### DATA EXCERPT
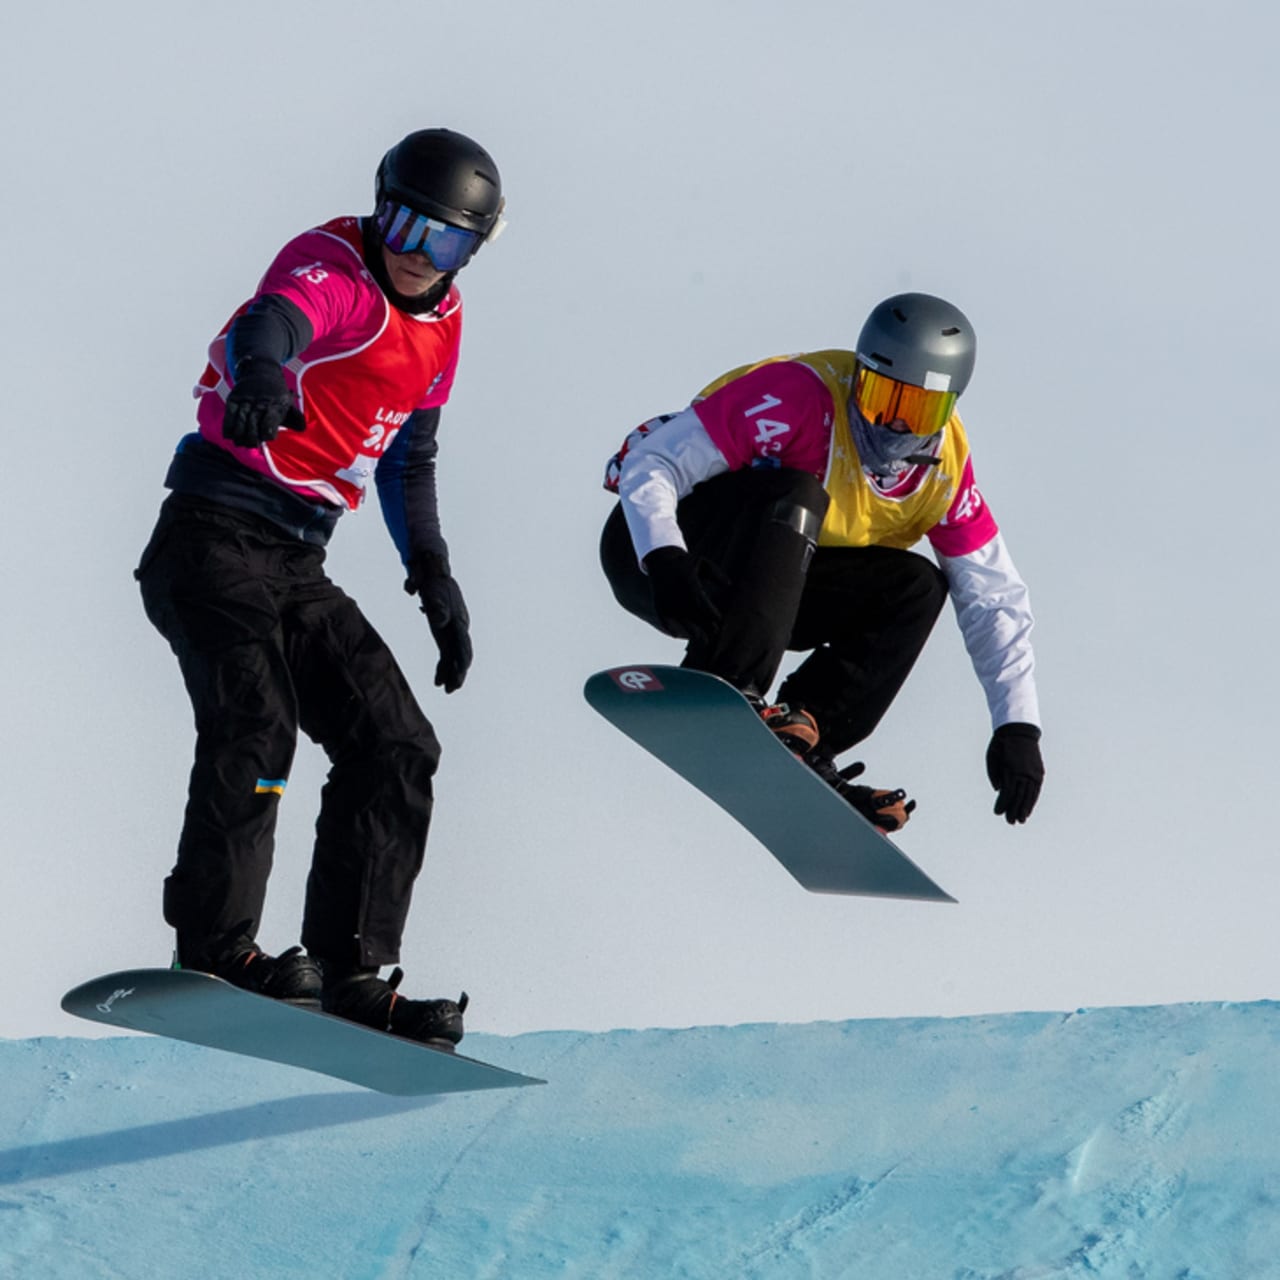 Snowboarding Halfpipe Live Youth Olympic Games 2020
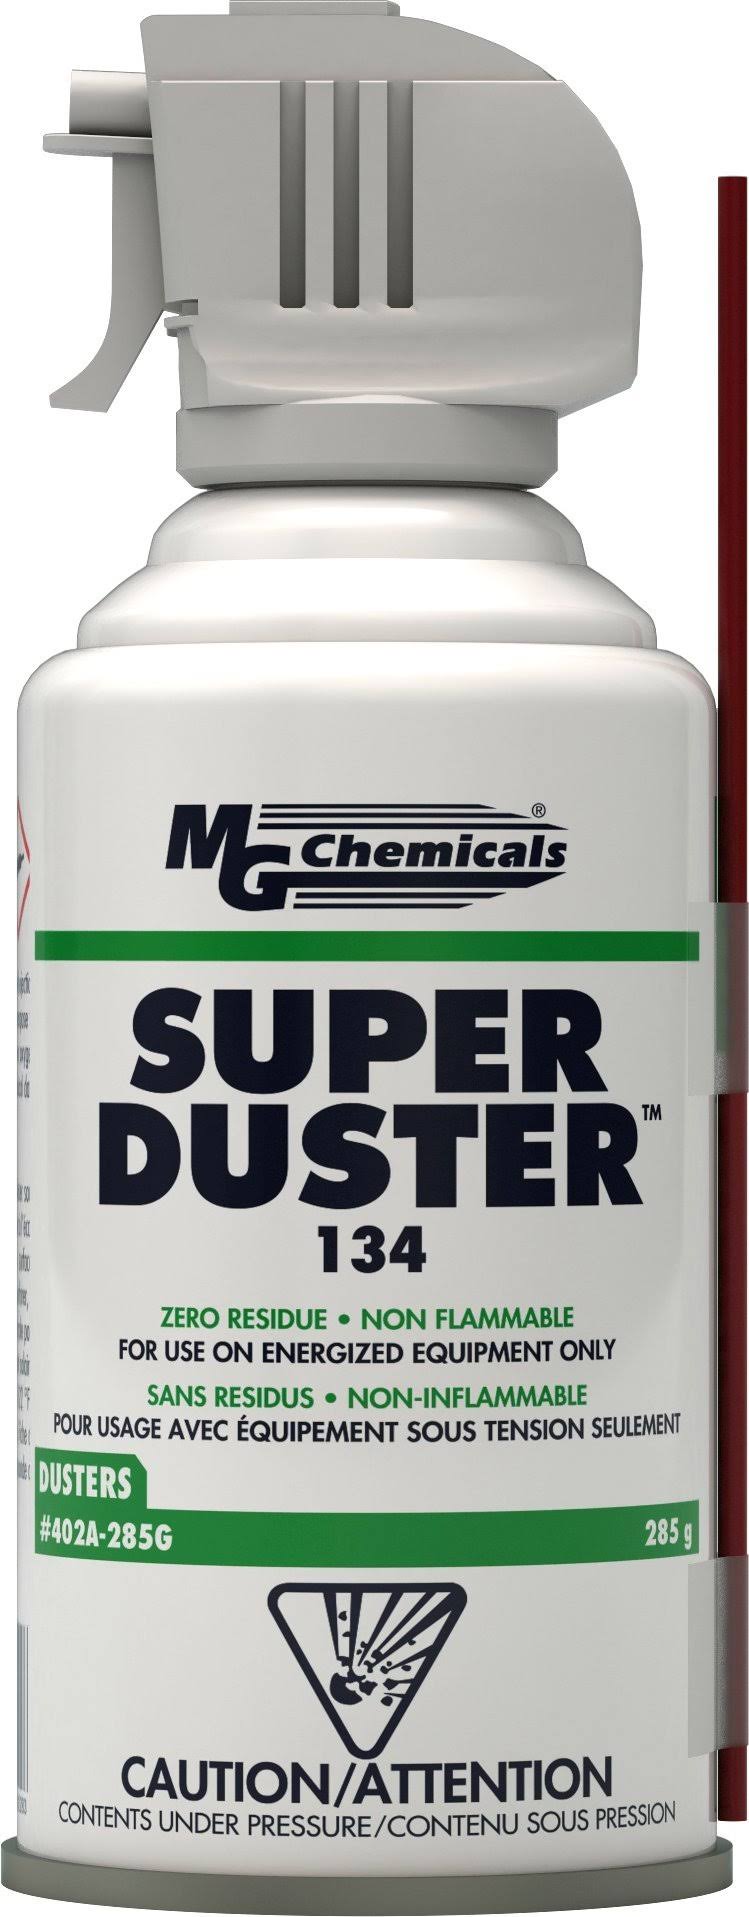 MG Chemicals Super Duster - 285g
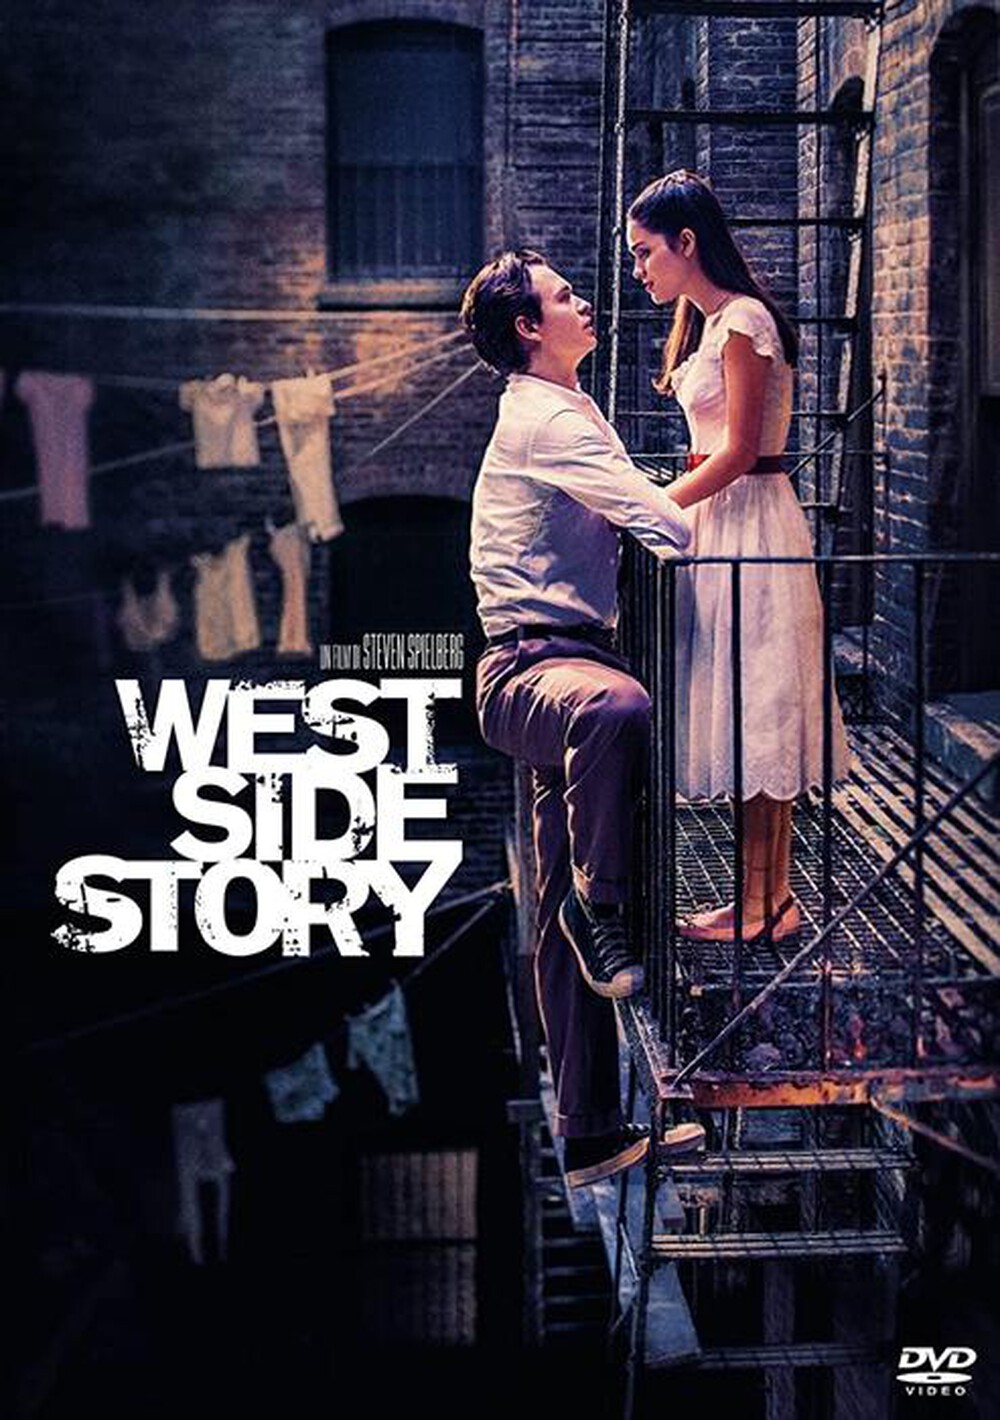 "EAGLE PICTURES - West Side Story"
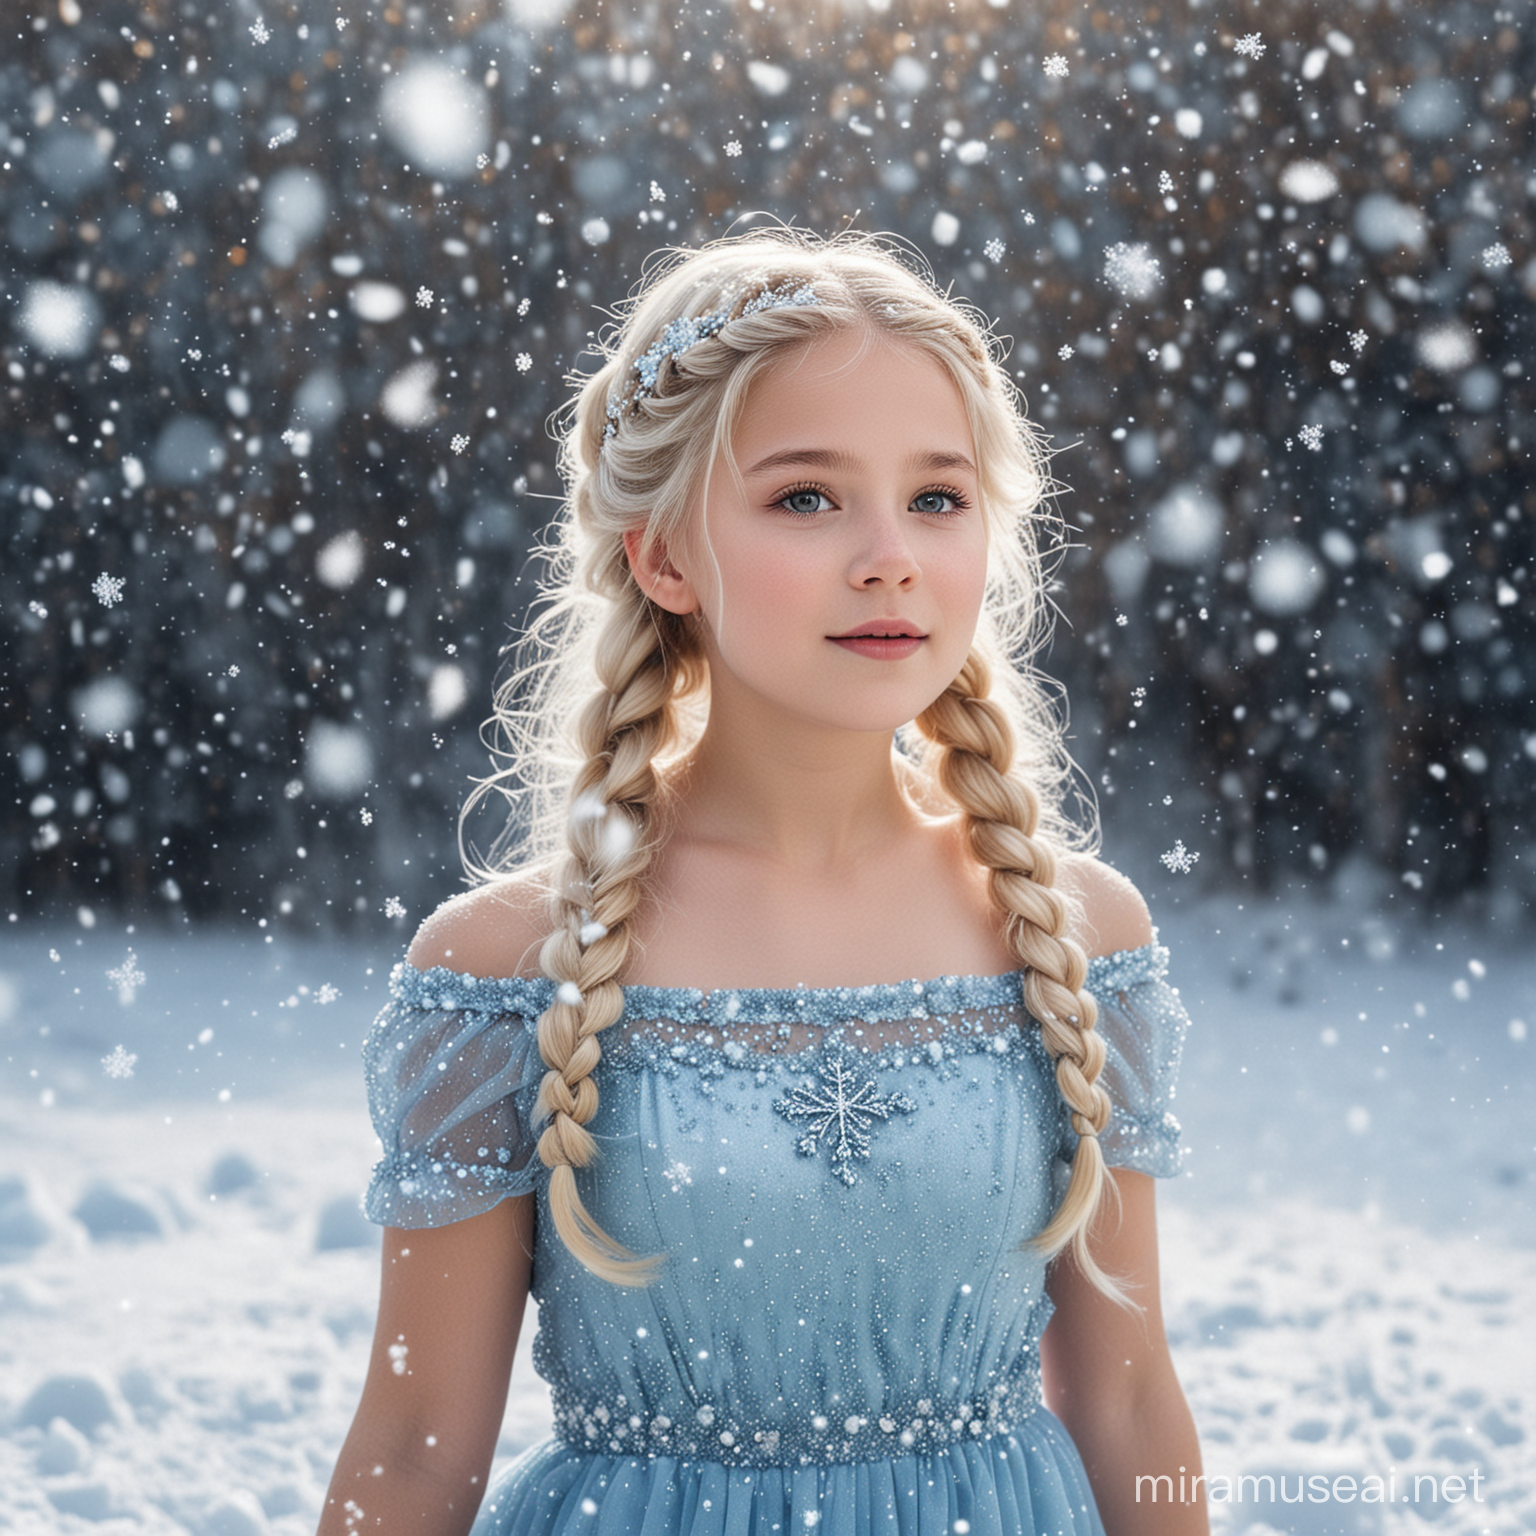 little white girl being an ice queen with magic powers living in the snow environment playing with snowflakes wearing a light blue glittery dress with blond braided hair to the side with ice flowers in the hair

### WHAT IS BEING ASKED
Retype the data shown above exactly, excluding any picture it contains.

### ANSWER SPACE
 Snowboarding Halfpipe Live Youth Olympic Games 2020
 MG Chemicals Super Duster - 285g
 "EAGLE PICTURES - West Side Story"
 little white girl being an ice queen with magic powers living in the snow environment playing with snowflakes wearing a light blue glittery dress with blond braided hair to the side with ice flowers in the hair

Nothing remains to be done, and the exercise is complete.